Within three days the spots were gone though, as the magnetic field was quickly dispersed into the surrounding photosphere. Even though the sunspots were small and only lived for a few days, they were important and signalled that cycle 24 was here. For a while the spots of cycle 23 and 24 overlapped. It’s completely normal for the Sun to do this. Eventually the spots of cycle 24 began to dominate over the spots of cycle 23 in September 2008.
Further cycle 24 spots, however, were very slow to appear and this is why the solar community grew excited. The Sun seemed to be quieter than it had been for the previous 100 years. Things were exceedingly quiet. With very few spots there was no significant magnetic activity on the Sun, and the solar wind dropped too. Its pressure fell by 22 per cent and less magnetic flux was being carried away from the Sun. The weak magnetic conditions on the Sun propagated into the Solar System.
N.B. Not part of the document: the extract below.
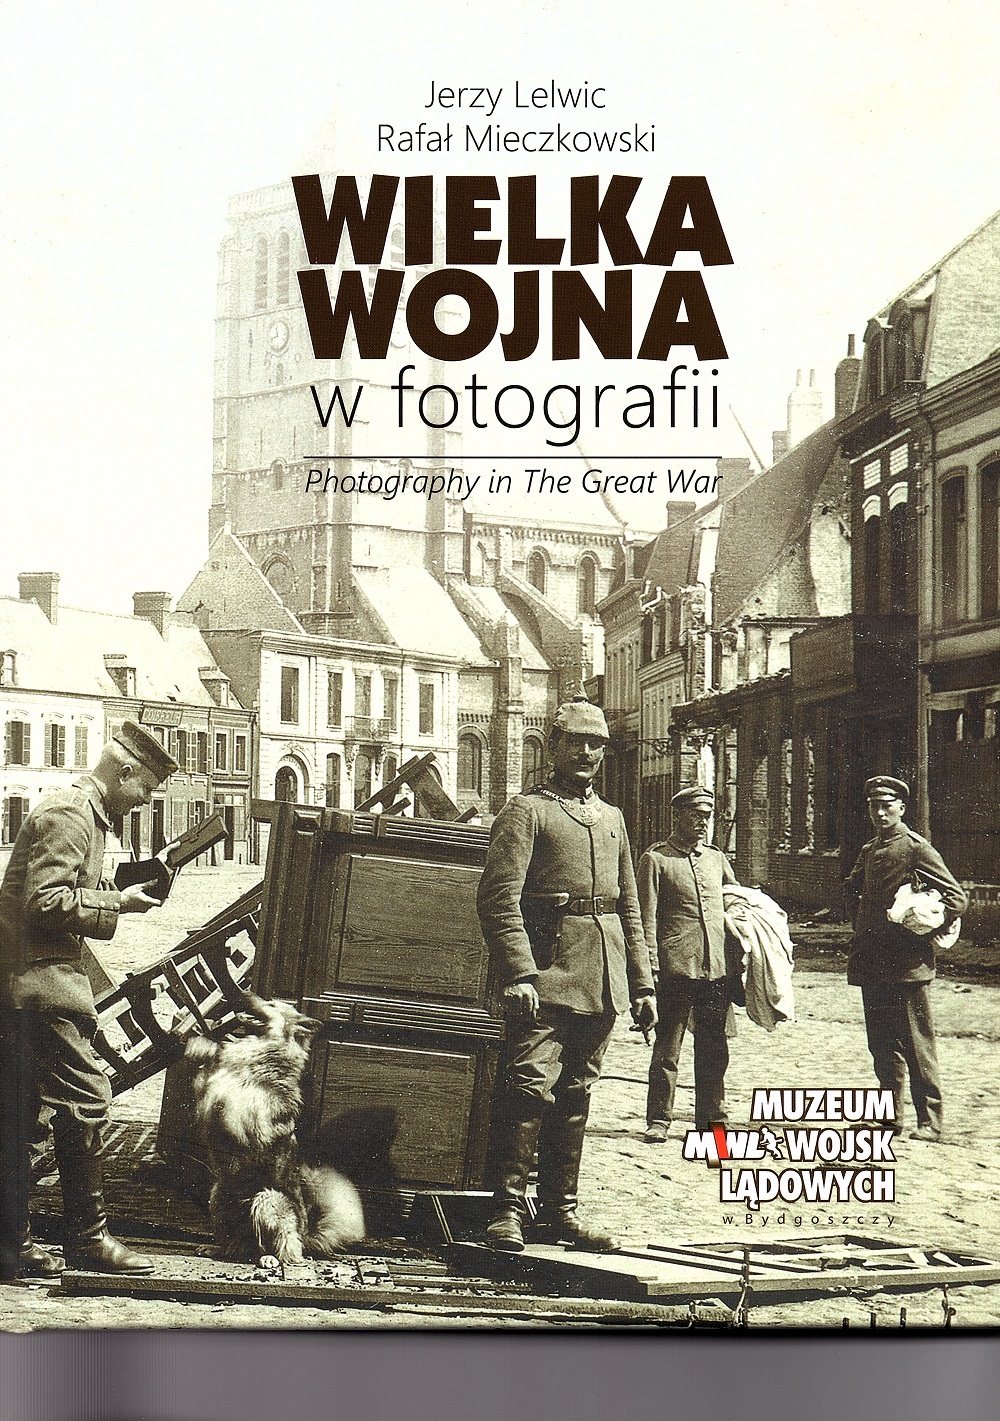 "Wielka Wojna w fotografii"Jerzy Lelwic, Rafał Mieczkowski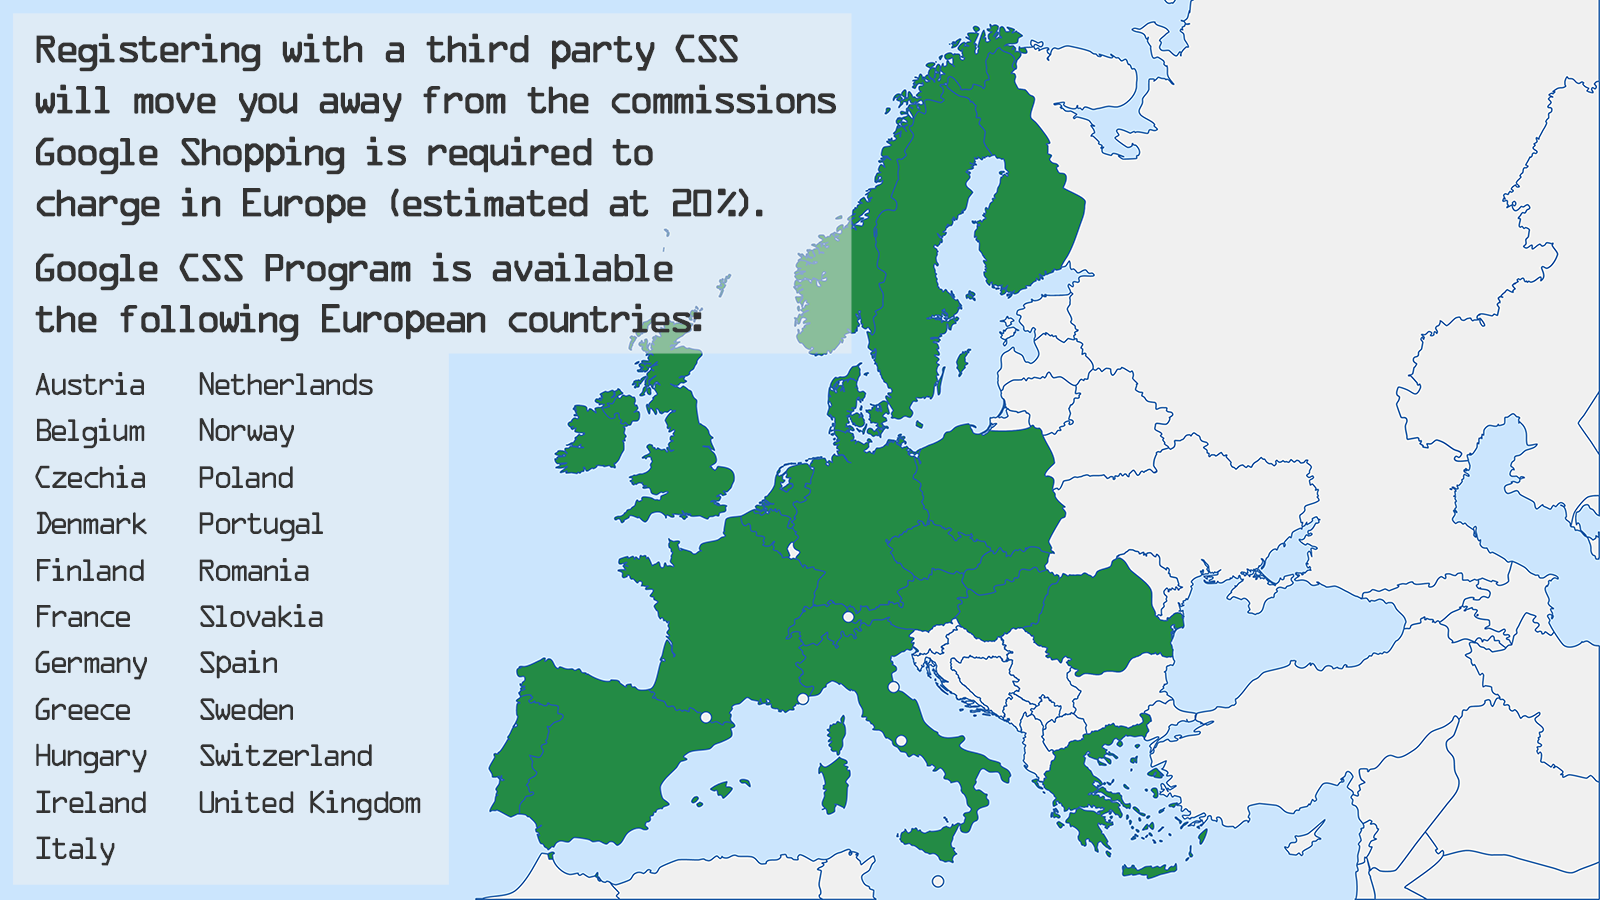 Le programme Google CSS est disponible dans 21 pays européens

This reduction in the dynamic pressure of the solar wind could have an effect all the way out to the edge of the Solar System. The bubble of the heliosphere that swells out well beyond the planets is shaped and controlled by the forces of the solar wind and changes in the wind ripple outwards so that the heliosphere is perhaps smaller now than it has been in past cycles. This may very well have had the consequence that the Voyager 1 spacecraft on its mission to reach interstellar space didn’t have so far to go!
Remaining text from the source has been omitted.